40 years of food for Meals on Wheels
What started as a community project for the women's group at Second Presbyterian Church four decades ago has blossomed into an incorporated — and self-supported — enterprise that keeps as many as 200 Lexington shut-ins fed each week.
Marking the 40th anniversary of Meals on Wheels of Lexington, more than 100 volunteers gathered Sunday at Second Presbyterian, where it all began.
"Here we are 40 years later, and I think it's only a miracle," said Barbara Rahenkamp, who was among the founding group and served as a volunteer coordinator through 1974. "As anyone who has worked (in the program) knows, the people are so grateful that you feel like they gave you the privilege."
In fact, several of the original volunteer drivers still are delivering meals today, including Mary Preston and Trudy Patch.
Patch, a retired piano teacher, takes turns driving with a partner every fourth Thursday to deliver a day's worth of food to as many as 14 clients. "It's been a great thing, something I can do to help other people," said Patch, 81, in a telephone interview. She couldn't attend Sunday's event.
Nancy Ehmann, Meals on Wheels of Lexington's president and CEO for the last 27 years, told the volunteers Sunday how privileged she was to be part of such "a special team."
Ehmann, 77, said as hard as it might be, she likely will be stepping down "shortly." That only underscores the need to refresh the ranks of volunteers to help coordinate routes, pack meals and deliver them Monday through Friday. The service, which receives no government or United Way funding, relies on volunteers, many of whom are retired.
"Our current crop of volunteers are older," Ehmann said in an interview. "They're becoming tomorrow's clients. And we're not getting as much help from that next generation."
It all started with a service project idea first pitched to the women's group at Second Presbyterian in 1968 by Barbara Robertson, the wife of the church's pastor.
The women officially launched the program Oct. 27, 1969, with five customers. They cooked that first week in Robertson's home while the church kitchen was being painted, Rahenkamp said.
Rahenkamp said she had no idea that the project would take off like it did.
"I have since told someone I had a guilty conscience that we had presented the church with this burden to be carried," she said. "It's like running a small business."
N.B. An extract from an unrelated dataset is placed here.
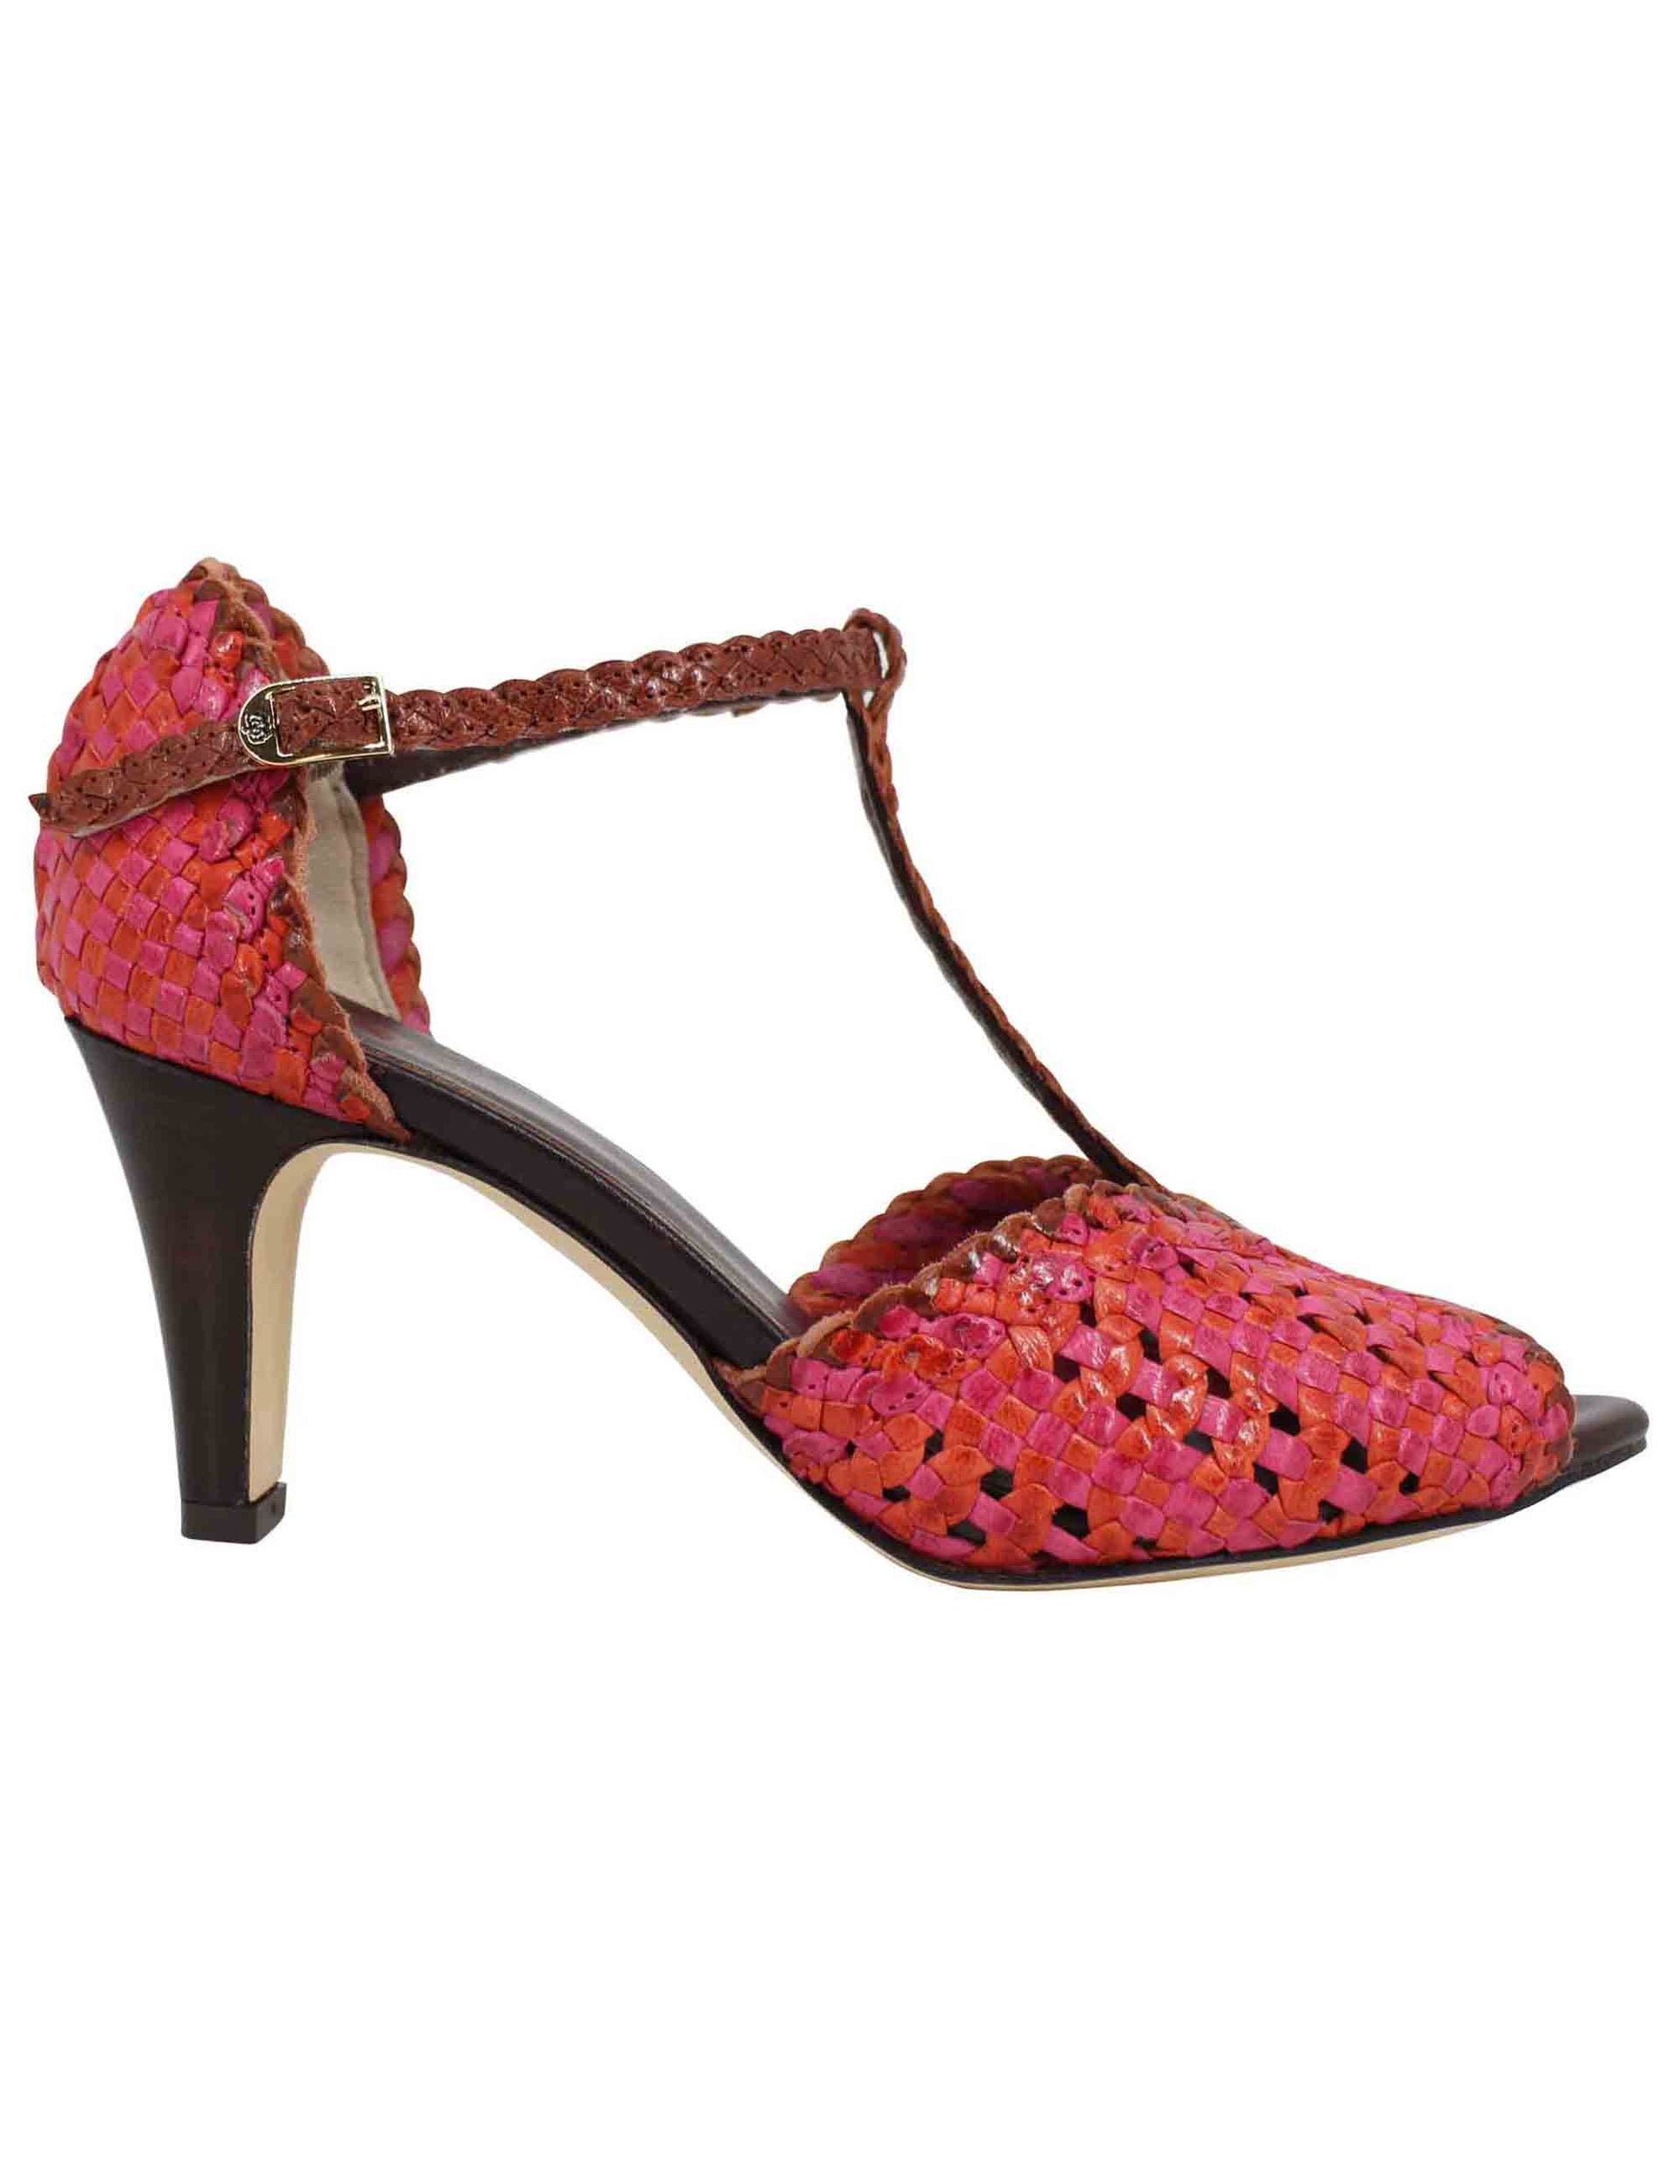 Women's sandals in fuchsia woven leather with high heel
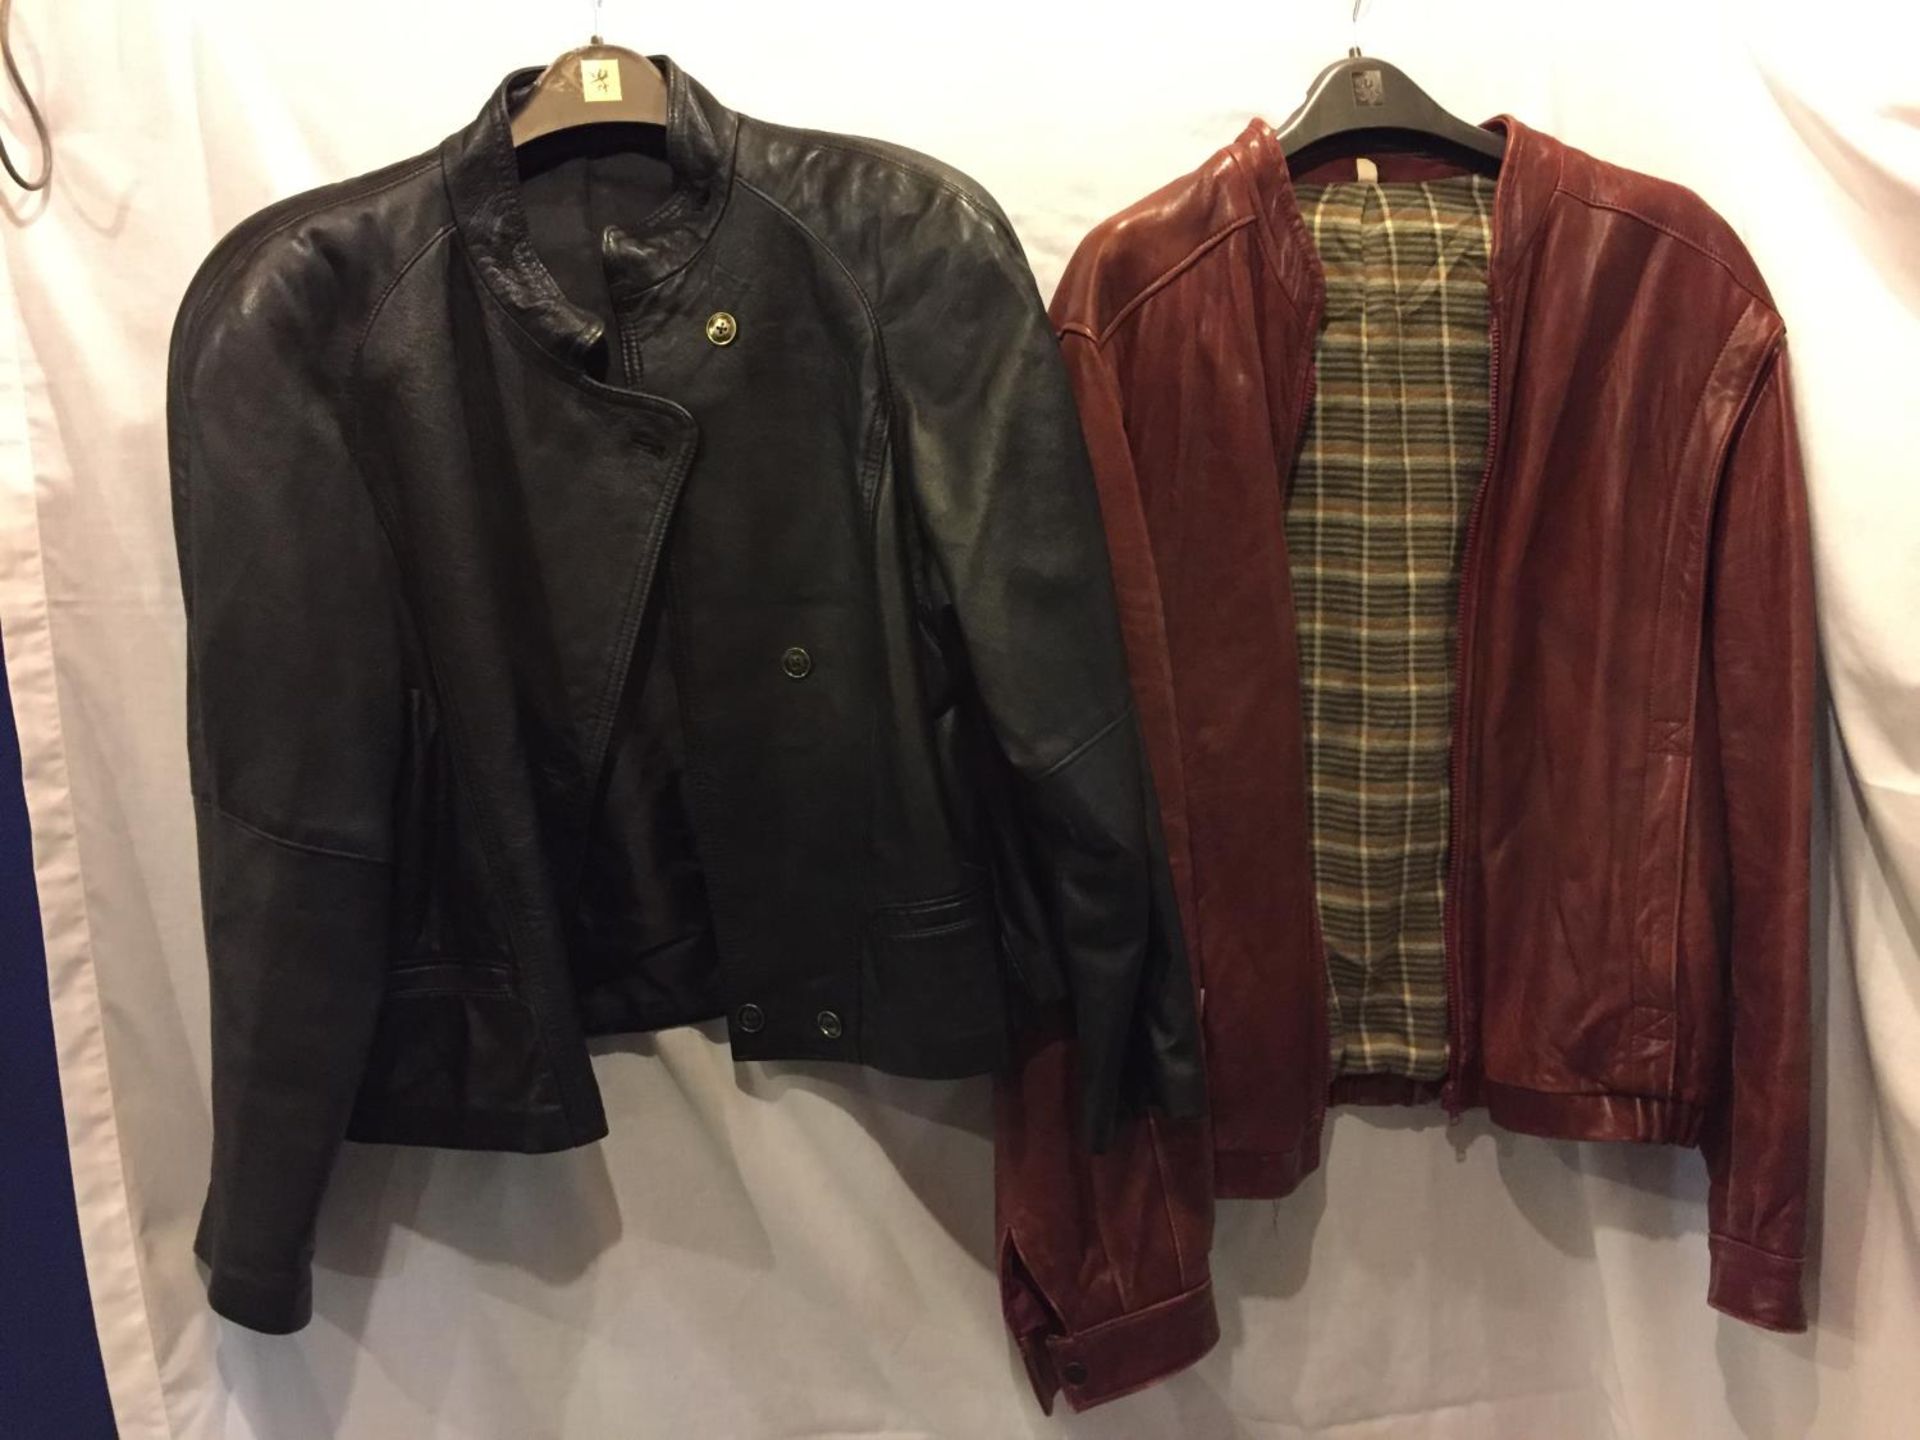 TWO LEATHER JACKETS, ONE BLACK AND ONE RED

It officially has been one since being incorporated as a non-profit on Feb. 10, 1992.
Clients pay $5 a day, which covers the cost of groceries. That includes enough for three meals: a hot lunch of meat and vegetables; a sack dinner of a sandwich, juice and either a cookie or pudding; and the next morning's breakfast of cereal, milk and a slice of bread
Volunteers are coordinated through five churches who now serve about 200 clients. Only the church cooks and a part-time assistant at the program's headquarters at the Lexington Senior Citizens Center are paid. The program has received funding for the last 16 years from the foundation set up by the late Lillian Edwards, a former Meals on Wheels client.
The longevity, self-sufficiency and goals of the program are points of pride for volunteers past and present.
Margaret Bourne drove routes for two of the churches between 1979 and 1999 after she retired from General Telephone Co.
Bourne, 92, said she would have liked to have continued volunteering for such a "worthwhile cause" but eye problems — and her doctor — took away her wheels a decade ago. She and one of the volunteers she paired up with even had a motto: "We'd laugh and say, 'Well, we solved the world's problems,' " Bourne said with a grin.